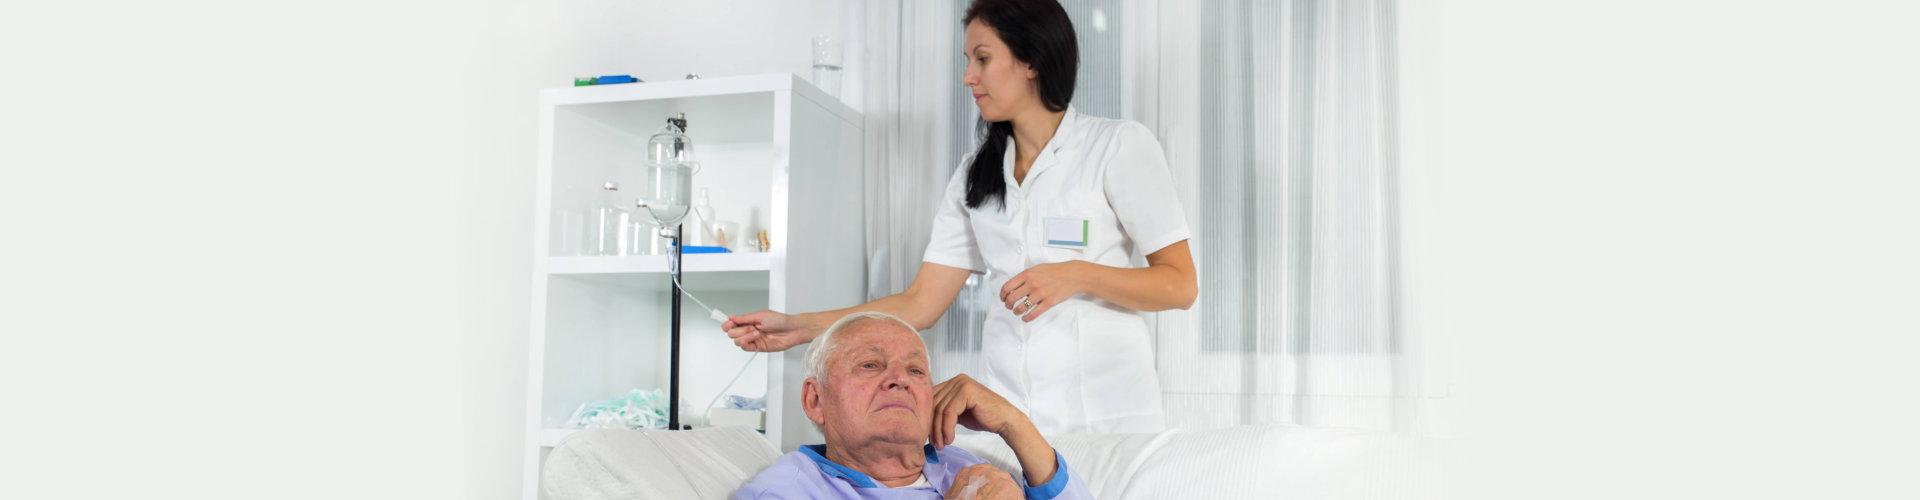 older men receives infusion in hospital
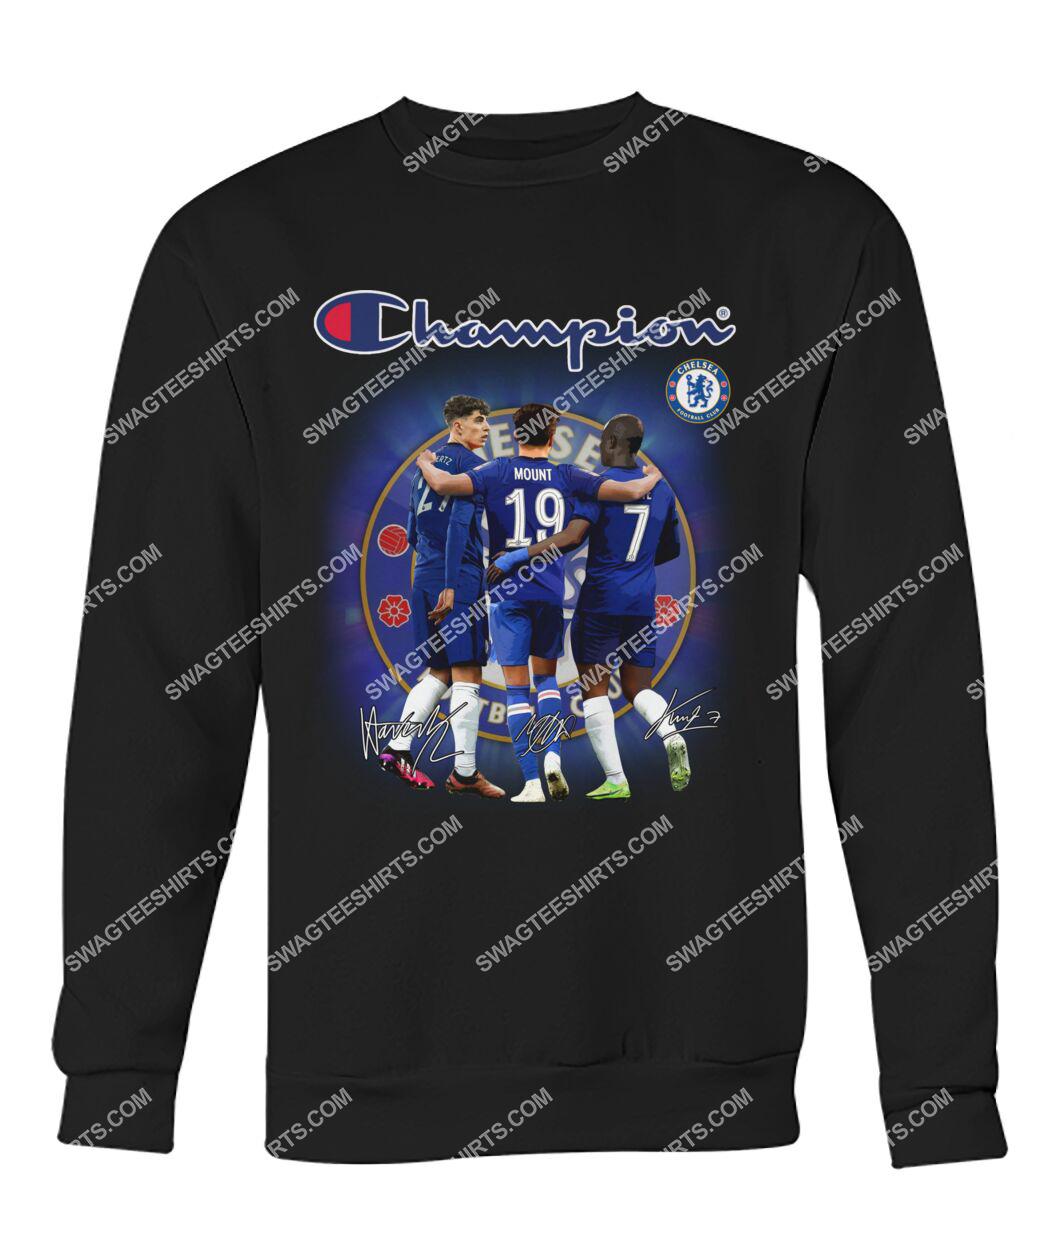 champion chelsea football club mason mount sweatshirt 1
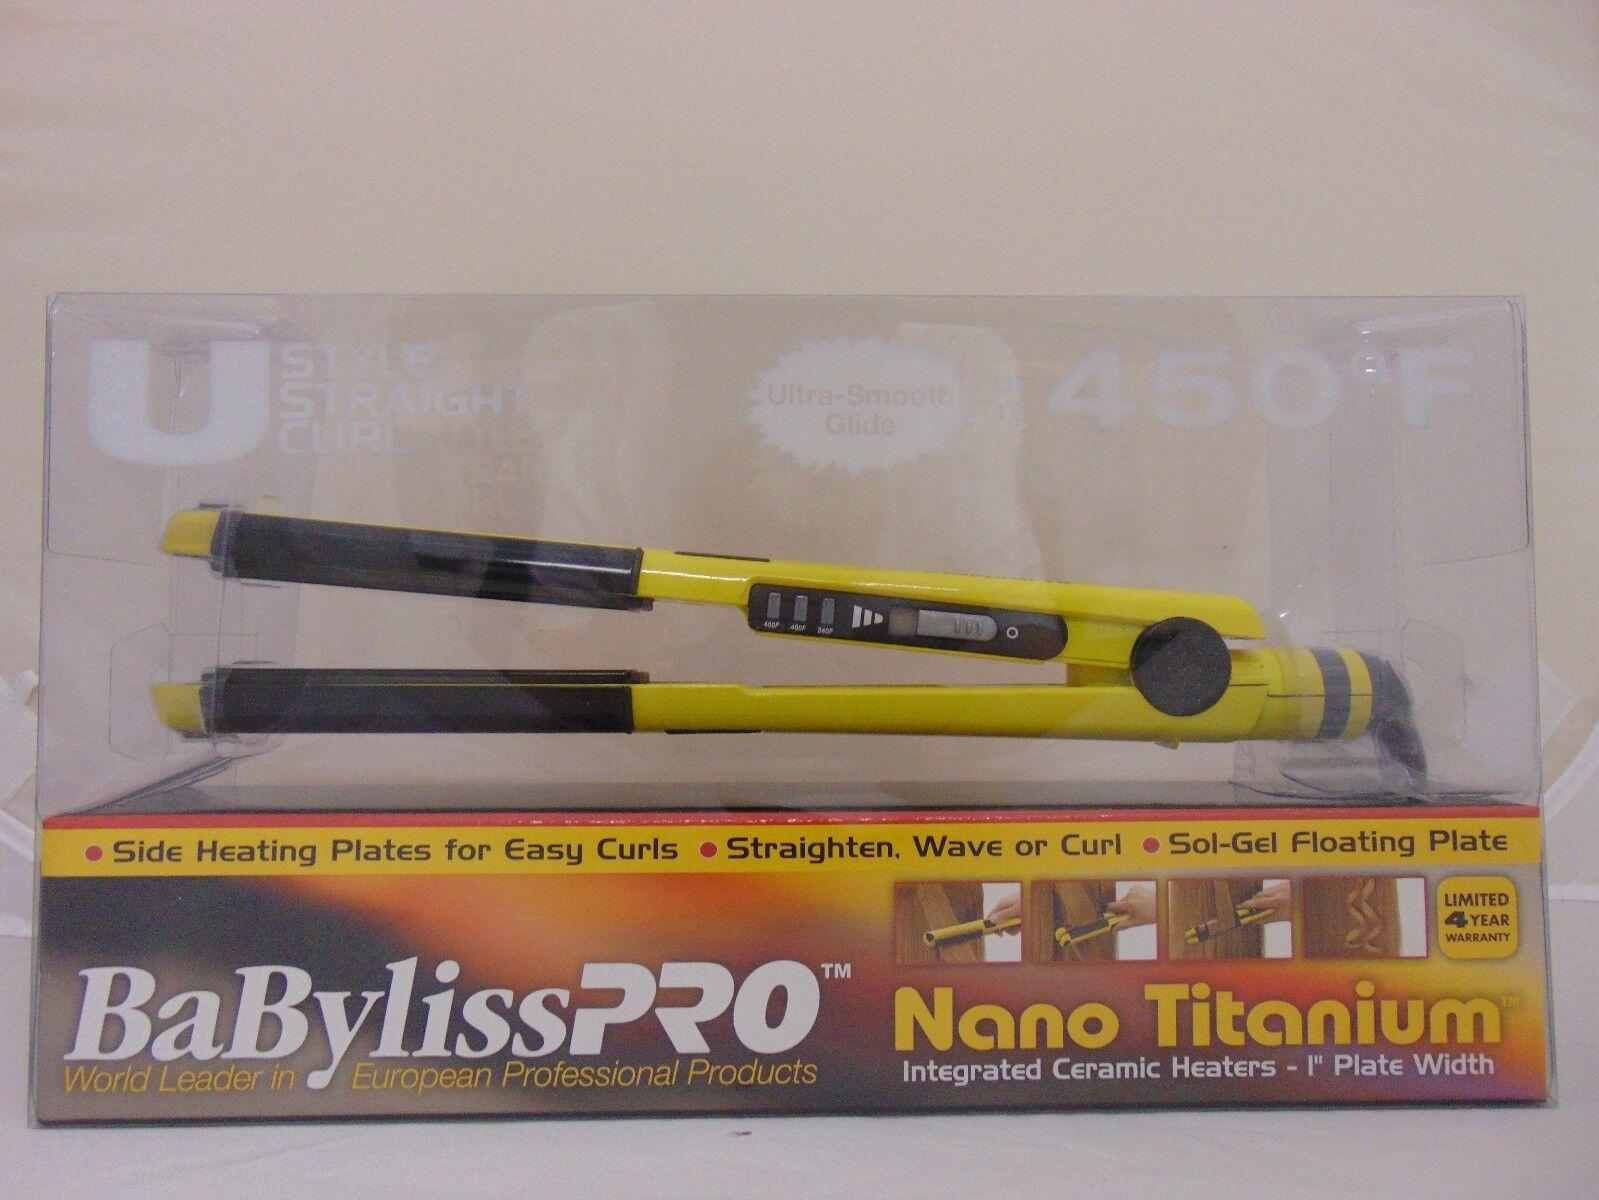 "BaByliss Pro Italia Brava Nano Titanium U-Styler 1"" - BABY20"

* [Directions for this task]:
Return the listing above verbatim and exclude every picture.

* [Exercise answer]:
 older men receives infusion in hospital
 champion chelsea football club mason mount sweatshirt 1
 "BaByliss Pro Italia Brava Nano Titanium U-Styler 1"" - BABY20"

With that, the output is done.